If you expected this article to be on Marco Polo, the fashion brand, and its latest travel collection for women, apologies are in order. A day may come when we fail our readers and start promoting brands on Kalampedia, but in the words of Aragorn from The Lord of the Rings, “It is not this day.”
We are talking about Marco Polo, the Venetian merchant, explorer, and writer who travelled through Asia along the Silk Road between 1271 and 1295. His accounts, written down by a 13th-century writer called Rustichello da Pisa, have been published as a book titled The Travels of Marco Polo. In this book, we come across a number of cultural shocks that Marco Polo experienced during his travels in the east. One of them is regarding the kind of life women lived in different cultures.
Tibetan women puzzled him
Let’s start by saying that Marco Polo liked women. He called Kashmiri women ‘very beautiful’ and those on the Afghan border, ‘beautiful beyond measure’. In Tibet, however, he noticed a strange practice which he could not make sense of. Here, the old women would ply strangers with girls, because sexual experience was valued by future husbands. He says:
People travelling that way, when they reach a village or hamlet or other inhabited place, shall find perhaps 20 or 30 girls at their disposal. And if the travellers lodge with those people they shall have as many young women as they could wish coming to court them. The traveller is expected to give the girl who has been with him a ring or some other trifle, something in fact that she can show as a lover's token... for every girl is expected to obtain at least 20 such tokens before she can get married. And those who have the most tokens, and so can show they have been most run after, are in the high-esteem, and most sought in marriage.

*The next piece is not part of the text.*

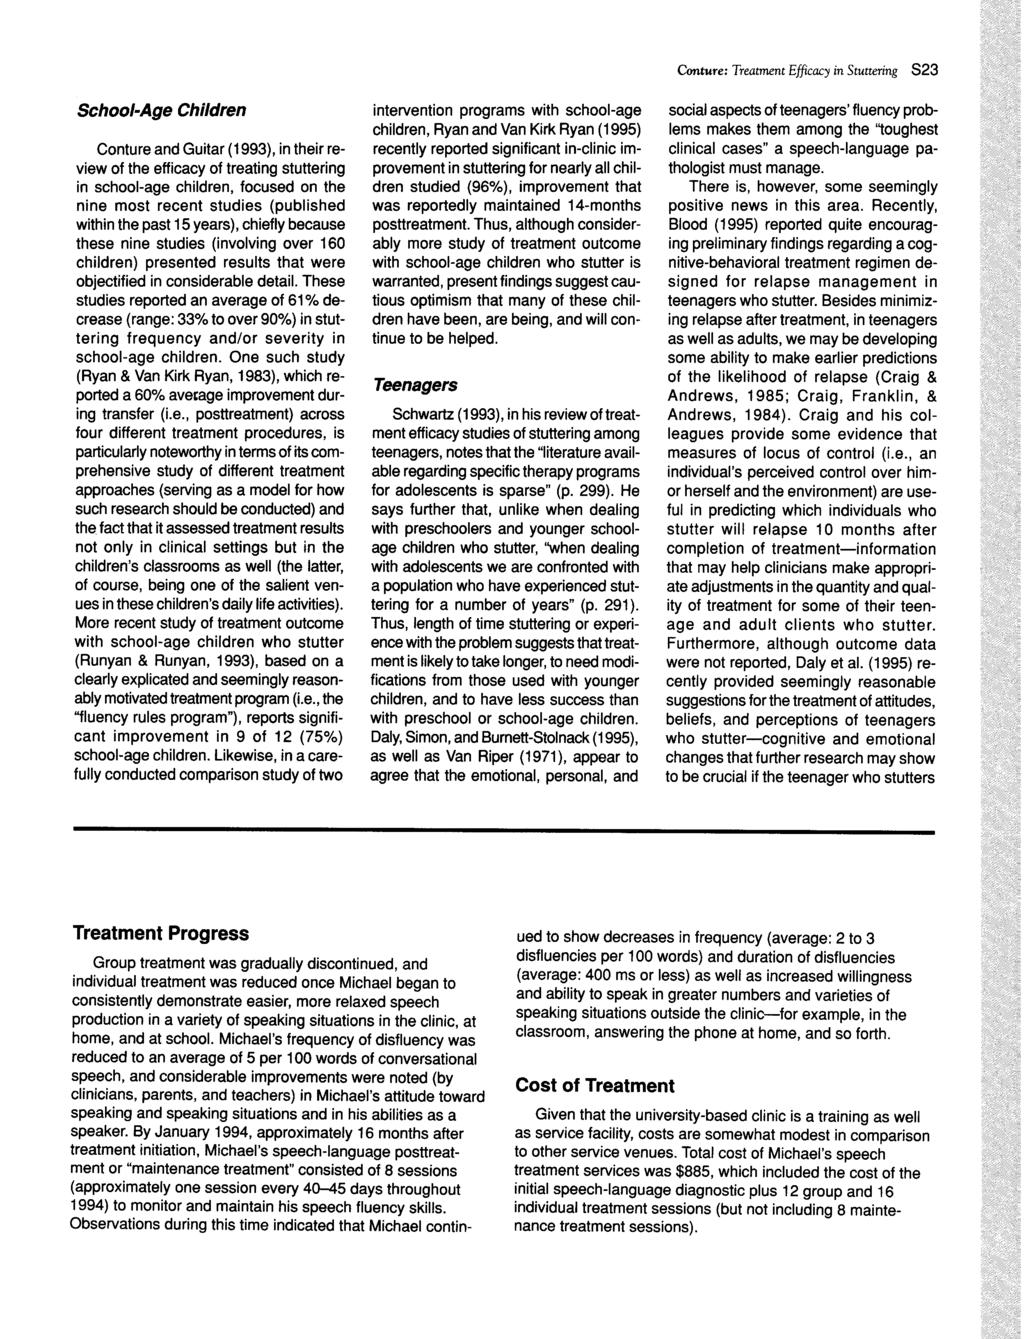 School-Age Children Conture and Guitar (1993), in their review of the efficacy of treating stuttering in school-age children, focused on the nine most recent studies (published within the past 15

It was very much the same in Sichuan, where men offered their wives, daughters or sisters.
The stranger abides in the catiff's house, be it three days or be it four, enjoying himself with the fellow's wife or daughter or sister, or whatsoever woman of the family best likes him; and as long as he abides there he leaves his hat or some other token hanging at the door, to let the master of the house know that he is still there.
Marco Polo talked about Hangzhou too, which he suggested was notorious for its prostitutes.
Courtesans thronged the streets in such a number that I dare not say what it is. They are found not only in the vicinity of the market places, but all over the city. They exhibit themselves splendidly attired and abundantly perfumed, in finely garnished houses, with trains of waiting women.
These women are extremely accomplished in all the arts of allurement, and readily adapt their conversations to all sorts of persons, insomuch that strangers who have once tasted their attractions seem to get bewitched, and are so taken with their blandishments and their fascinating ways that they can never get these out of their heads.
Upper-class Chinese women piqued his curiosity
As established, Marco was a lover of women, in whatever form. He had a deep interest, perhaps a personal one, in upper-class Chinese women. He warmed to them precisely because they were not like the Mongol and Tibetan girls or those plying their trade on the streets of Hangzhou.
He wished to break into this enclosed world of China, and somehow did, apparently learning a good deal about the private lives of Chinese girls. What he learnt there was no less shocking either.
Chinese girls were expected to be virgins at marriage, which was not true of Mongol girls. First, the future husband and father would agree on terms. Then there was a test of virginity, which involved a procedure that was both odd and unique. It was conducted by ‘certain matrons specially deputed for this duty who will first examine the girl’s virginity with a pigeon’s egg’. An egg having been procured, it was used to see whether entry was possible. If the egg broke, then the confirmation was made.
But… this is just a small part of Marco Polo’s travels. As he himself admitted, “I did not write half of what I saw, for I knew I would not be believed.” So, you can only imagine all that he actually saw and experienced.